Certain writers are good enough that you want to read who they read. So Philip Roth talks about Kafka and Bellow, and John Irving piques your interest in Dickens and Grass, and Norman Mailer turns you on to Miller and Hemingway. Each choice reveals much about the writer: Mailer's machismo, for example, or Irving's predilection for caricatures. The danger is that, if the writer is well-read and persuasive, you wind up with a "To Read" list so long it can only be completed if you quit your day job.

The literary topics E.L. Doctorow writes about in his first book of essays, Jack London, Hemingway, and the Constitution, make sense if you know Doctorow. He is a writer for whom the social and political is just as important as the aesthetic. So it is with his choices: London, Dreiser, Orwell, Thoreau. One topic is not a writer at all but the most important document our country has ever known. What do these subjects have in common? According to Doctorow in the introduction, "(A) kind of presumptive nationalism."
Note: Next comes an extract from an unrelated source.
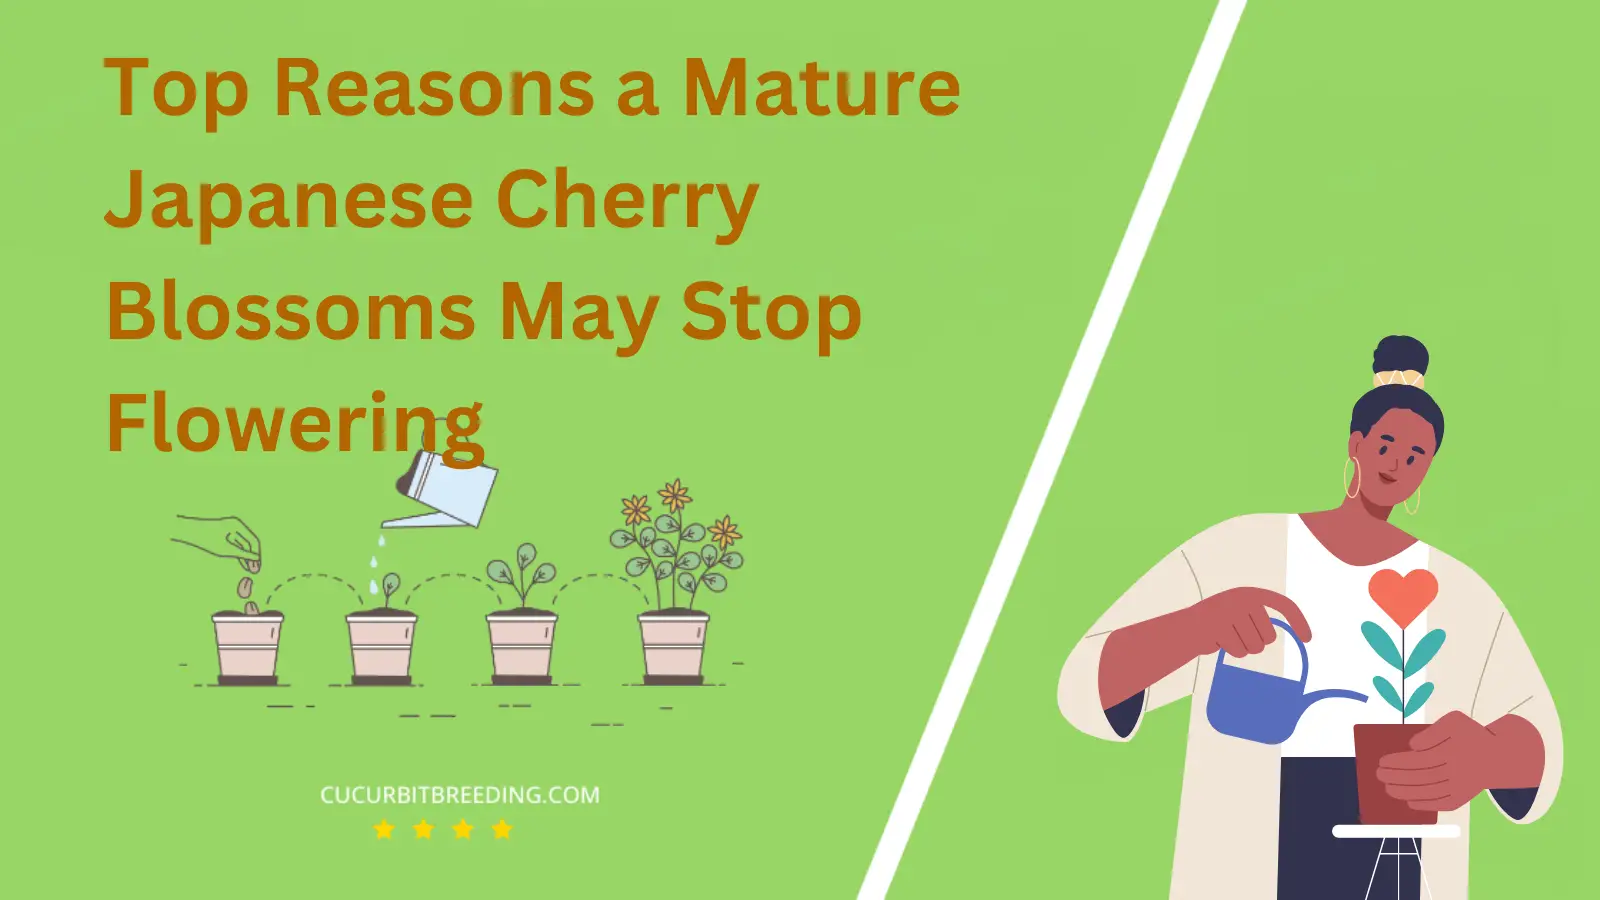 Top Reasons a Mature Japanese Cherry Blossoms May Stop Flowering

They are bound here by Doctorow's fine prose and sharp insights. I find myself in the Jack London essay understanding why as a child The Call of the Wild did not appeal to me the way that other dog books did. Lassie Come Home is a story about a dog who manages to find its way home with only physical, not spiritual, imparities. Lassie doesn't change really from beginning to end. Buck, in The Call of the Wild, is also torn from his home but he never makes it back. There is no "back." This is something I didn't want to know as a child.

The first paragraph of the Hemingway essay includes a description of his style that seems so precise it made me want to read the great man all over again:

[When] composing a story he would withhold mention of its central problem; when writing a novel he would implant it in geography and, insofar as possible, he would know what time it was on every page; when writing anything he would construct the sentences so as to produce an emotion not by claiming it but by rendering precisely the experience to cause it.

Doctorow even made me want to read the Constitution, although he warns, "It is five thousand words but reads like fifty thousand. It lacks high rhetoric and shows not a trace of wit, as you might expect, having been produced by a committee of lawyers." He goes over the various interpretations of our founding fathers — from revolutionaries who created a republic of equal rights, to wealthy landowners whose system of checks and balances were designed to protect what they had — and concludes, "I embrace all those interpretations. I believe all of them." He says the ambiguity is not in the Constitution but in ourselves.

Doctorow is never funnier than when, no longer hiding behind the wisdom of the novel, he gets to vent his spleen against the political right:

In 1968 Richard Nixon rebounded from his defeat at the hands of Jack Kennedy, and there he was again, his head sunk between the hunched shoulders of his three-button suit and his arms raised in victory, the exacted revenge of the pod people. That someone so rigid and lacking in honor or moral distinction of any kind, someone so stiff with crippling hatreds, so spiritually dysfunctional, out of touch with everything in life that is joyful and fervently beautiful and blessed, with never a hope of wisdom, but living only by pure politics, as if it were some colorless blood substitute in his veins — that this being could lurchingly stumble up from his own wretched career and use history and the two-party system to elect himself president is, I suppose, a gloriously perverse justification of our democratic form of government.

Ironically, it is the very certainty embodied in the above that Doctorow objects to in non-fiction. In his mind, novelists are noble clowns, "like some old relative in mismatching pants and jacket who knocks on our door during a dinner party to remind us from what we come". The novelist is equated with Theodore Dreiser's description of his younger self: "Chronically nebulous, doubting, uncertain, I stared and stared at everything, only wondering, not solving." In fact Doctorow's very first words of greeting are an admission that he prefers fiction to the essays you just bought: "With one exception the pieces in this book were weritten because someone asked me to write them."

It's almost as if he's handing you the book between thumb and forefinger, nose crinkled in distaste.